Keeping the health system universal without blowing the budget
Few would argue that Australia’s health system faces extraordinary cost challenges if we are to maintain any pretence of a universal health scheme.
What may surprise many however is the wide range of apparently feasible options available to make health care both better and more cost effective in Australia.
That is what the Consumers Health Forum journal, Health Voices, found when it asked 20-odd experts to explain how we could get a “better bang for the buck” out of our $140 billion a year health expenditure.
Among the most common solutions proposed by the experts were achievable ideas to enhance access to primary care in the community thus reducing costly hospital admissions, and to make the health system much more transparent and performance-driven.
Most are rational measures, making the best of modern practice and technology. Most need not be financially extravagant and do not offend ideologies on either side of politics. However they would require significant changes in behaviour and culture of health organisations and professionals.
As veteran health economist, Paul Gross writes, ignoring the need for substantial changes would add to the “epidemic of mural dyslexia, the unwillingness of politicians to see the writing on the wall when we have an ageing society with unfunded care needs”.
CHF believes that the nub of the health system dilemma is the tension between equity and cost of health care.
The Health Minister, Peter Dutton, points to this issue, in his article for Health Voices. He suggests that expanding health insurance cover may offer a solution. We at CHF believe that while this may improve health outcomes for the insured, it would further inflate premiums, and result in the uninsured getting second class access to GPs, at a time when a two-tiered system is emerging between the haves and have-nots in health care.

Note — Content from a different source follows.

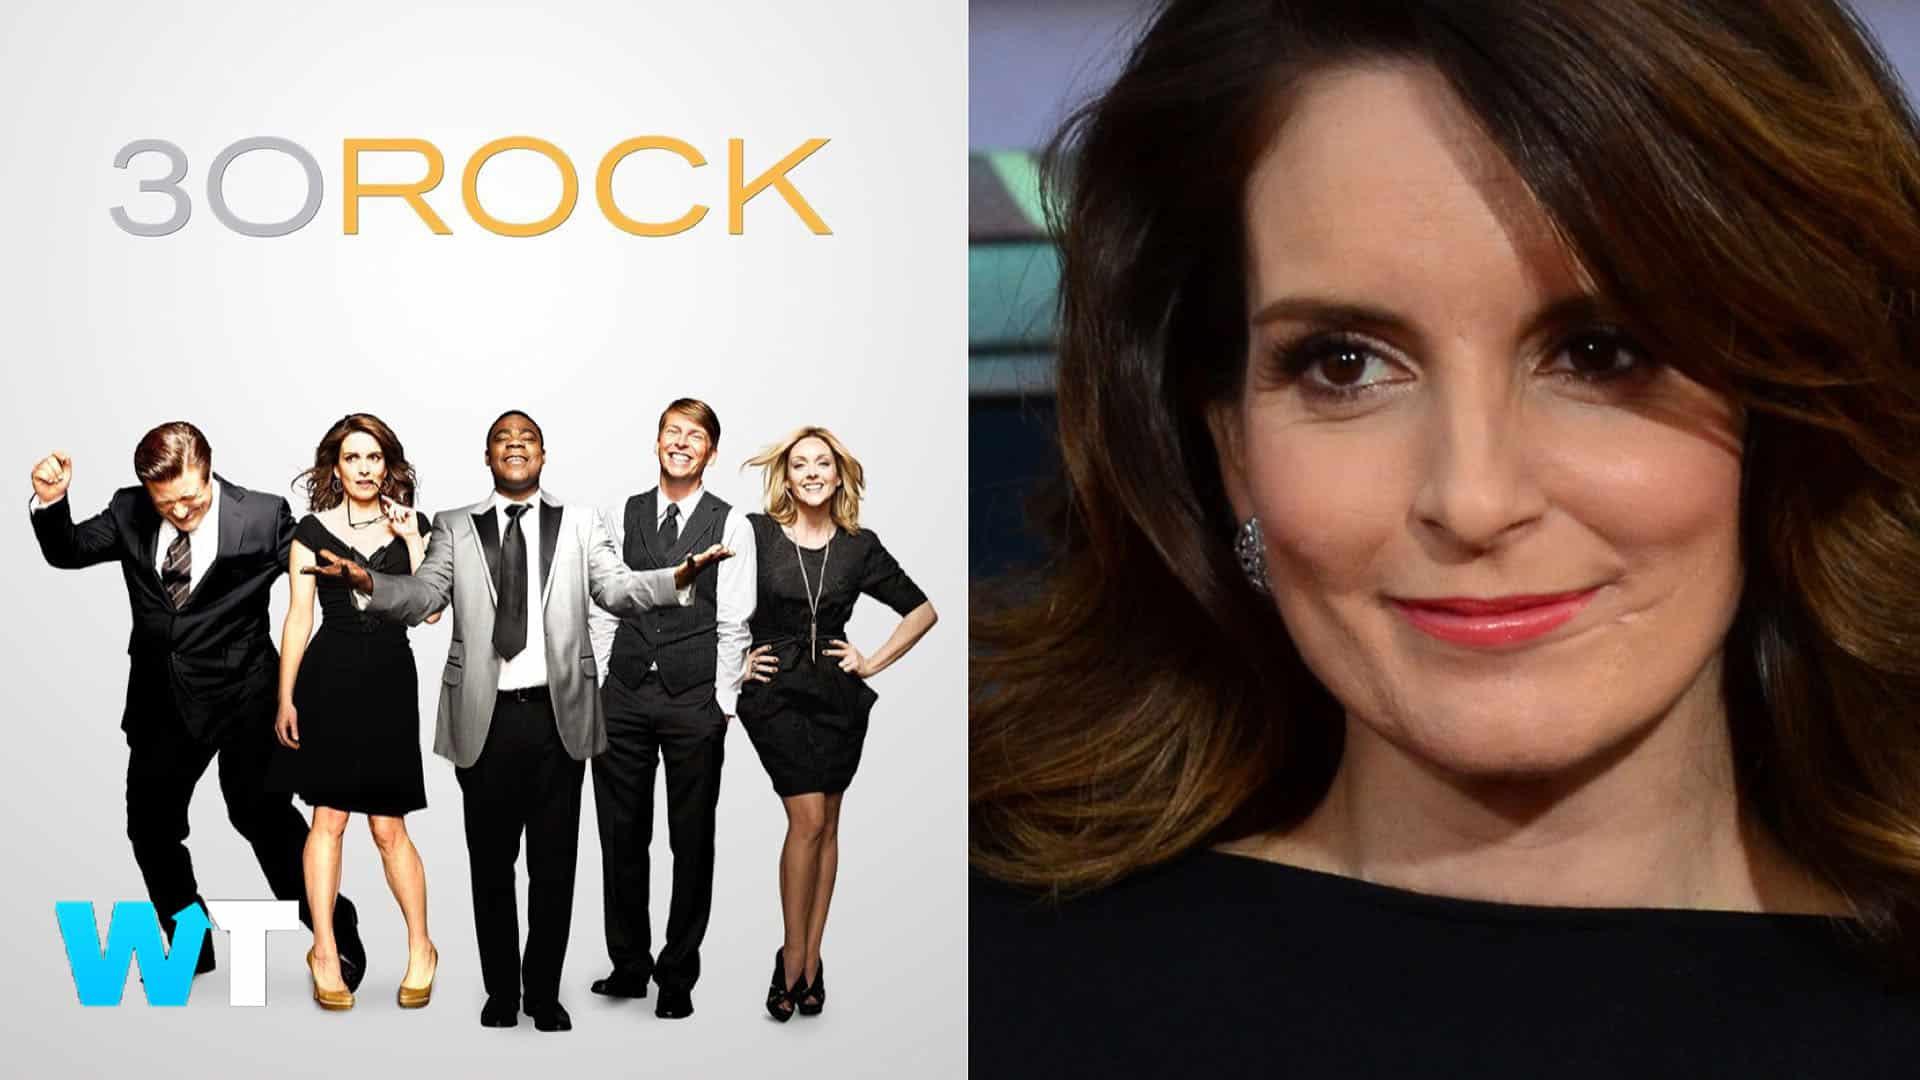 30 Rock episodes got removed

The invaluable step Mr Dutton has taken is to encourage a national debate which raises the issue of how Australia ensures a vigorous health system while maintaining equity of access regardless of income.
This is a dilemma that too few politicians are prepared to canvas. Mr Dutton writes that Australians know all is not well when they can’t book a timely visit to the GP, when they get a bill for elective surgery or when there are stories of “hidden waiting lists and inequities which shouldn’t be tolerated”.
Medicare he likens to the Holden Kingswood, popular in the 1970s but now out of date. The public hospital system is “shackled by archaic practices” resulting in tens of thousands of patients on waiting lists.
The greatest opportunity, he suggests is presented by the potential of primary care to ease the burden on hospitals.
Mr Dutton suggests that if health funds can expand their reach into GP-led primary care, particularly of chronic conditions, this had the potential to “save a lot in human and financial terms”.
That may be true. But what about the majority of Australians without health insurance, who may well find themselves getting second best preference in primary care?
Emeritus Professor of Public Health, Stephen Leeder, says in his article that there is no reason for government to back away from universal health care. It is more a matter of getting the system right and managing it well.
He cites findings from an international survey by McKinsey and Company which underlines the benefits of accountability and rewards for effective care; of catching up on international trends in ehealth information management in which Australia lags by 20 years; making the patient the centre of “EVERYTHING” in health care; and more comprehensive planning.
As CHF’s own policy specialists, Deborah Smith and Sarah Spiller, have found through CHF’s “Real People, Real Data” project, a fundamental benefit flows from ensuring the consumer experience is central to health care. “The answer is often as much about self-care as medical treatment,” they say.
Health economist Jennifer Doggett identified five steps Australia could take to improve the system, before reaching into the pockets of vulnerable people. A focus on best value activities like preventive health services rather than on an estimated 150 low value medical and surgical interventions; steps to counter federal-state dysfunction by a health consumers charter setting national uniform care standards; fostering more effective coordinated care for chronic conditions; and redirecting the health insurance rebate to support patient choice of public or private systems providing best value care.
The great goal of health reform has been the establishment of pooled federal-state funding, something Tony Abbott pondered when he was Health Minister.
But as Christine Bennett, the former chair of the National Hospitals and Health Reform Commission, writes, we no longer have the time to wait for the single funder dream. “What we can focus on right now within current funding and delivery responsibilities is taking effective local action and implementing system-wide catalysts to support integrated care. State health departments, the Commonwealth, private health insurers, local councils and local communities all have roles to play,” she says.
In all these options, we simply ask that consumers, as the reason which the system exists, should be the beneficiaries of health system change, not poorer because of it.